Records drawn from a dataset
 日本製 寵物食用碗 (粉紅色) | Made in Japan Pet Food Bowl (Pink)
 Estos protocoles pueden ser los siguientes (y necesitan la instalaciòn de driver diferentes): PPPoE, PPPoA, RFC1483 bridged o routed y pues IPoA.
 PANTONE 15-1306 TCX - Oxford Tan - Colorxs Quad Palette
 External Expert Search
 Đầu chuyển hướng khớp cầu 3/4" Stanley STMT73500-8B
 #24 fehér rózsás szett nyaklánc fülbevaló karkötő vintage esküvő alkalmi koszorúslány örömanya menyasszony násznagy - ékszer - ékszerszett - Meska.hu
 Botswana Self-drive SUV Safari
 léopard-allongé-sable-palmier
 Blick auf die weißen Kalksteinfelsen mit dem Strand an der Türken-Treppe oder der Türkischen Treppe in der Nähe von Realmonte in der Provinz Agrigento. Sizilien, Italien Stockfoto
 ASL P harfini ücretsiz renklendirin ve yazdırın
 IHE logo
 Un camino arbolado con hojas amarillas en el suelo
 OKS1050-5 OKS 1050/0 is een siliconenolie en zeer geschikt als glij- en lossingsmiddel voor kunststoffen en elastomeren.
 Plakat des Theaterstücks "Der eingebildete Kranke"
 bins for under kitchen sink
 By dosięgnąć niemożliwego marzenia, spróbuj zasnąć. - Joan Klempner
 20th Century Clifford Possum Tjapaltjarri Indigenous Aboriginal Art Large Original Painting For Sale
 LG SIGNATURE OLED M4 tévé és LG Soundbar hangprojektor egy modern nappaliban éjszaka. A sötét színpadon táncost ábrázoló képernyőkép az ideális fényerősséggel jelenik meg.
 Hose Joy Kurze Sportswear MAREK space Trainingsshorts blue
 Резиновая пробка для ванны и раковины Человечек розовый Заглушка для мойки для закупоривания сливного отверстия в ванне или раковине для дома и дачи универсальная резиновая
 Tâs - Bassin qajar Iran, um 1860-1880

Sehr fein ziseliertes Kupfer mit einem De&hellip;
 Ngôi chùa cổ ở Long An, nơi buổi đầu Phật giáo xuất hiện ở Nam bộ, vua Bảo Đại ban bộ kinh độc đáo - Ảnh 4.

▶ WHAT YOU NEED TO DO
Starting from the line holding "Blick auf die", restate the remaining lines of the data word for word, including the last.

▶ WRITTEN ANSWER
 Blick auf die weißen Kalksteinfelsen mit dem Strand an der Türken-Treppe oder der Türkischen Treppe in der Nähe von Realmonte in der Provinz Agrigento. Sizilien, Italien Stockfoto
 ASL P harfini ücretsiz renklendirin ve yazdırın
 IHE logo
 Un camino arbolado con hojas amarillas en el suelo
 OKS1050-5 OKS 1050/0 is een siliconenolie en zeer geschikt als glij- en lossingsmiddel voor kunststoffen en elastomeren.
 Plakat des Theaterstücks "Der eingebildete Kranke"
 bins for under kitchen sink
 By dosięgnąć niemożliwego marzenia, spróbuj zasnąć. - Joan Klempner
 20th Century Clifford Possum Tjapaltjarri Indigenous Aboriginal Art Large Original Painting For Sale
 LG SIGNATURE OLED M4 tévé és LG Soundbar hangprojektor egy modern nappaliban éjszaka. A sötét színpadon táncost ábrázoló képernyőkép az ideális fényerősséggel jelenik meg.
 Hose Joy Kurze Sportswear MAREK space Trainingsshorts blue
 Резиновая пробка для ванны и раковины Человечек розовый Заглушка для мойки для закупоривания сливного отверстия в ванне или раковине для дома и дачи универсальная резиновая
 Tâs - Bassin qajar Iran, um 1860-1880

Sehr fein ziseliertes Kupfer mit einem De&hellip;
 Ngôi chùa cổ ở Long An, nơi buổi đầu Phật giáo xuất hiện ở Nam bộ, vua Bảo Đại ban bộ kinh độc đáo - Ảnh 4.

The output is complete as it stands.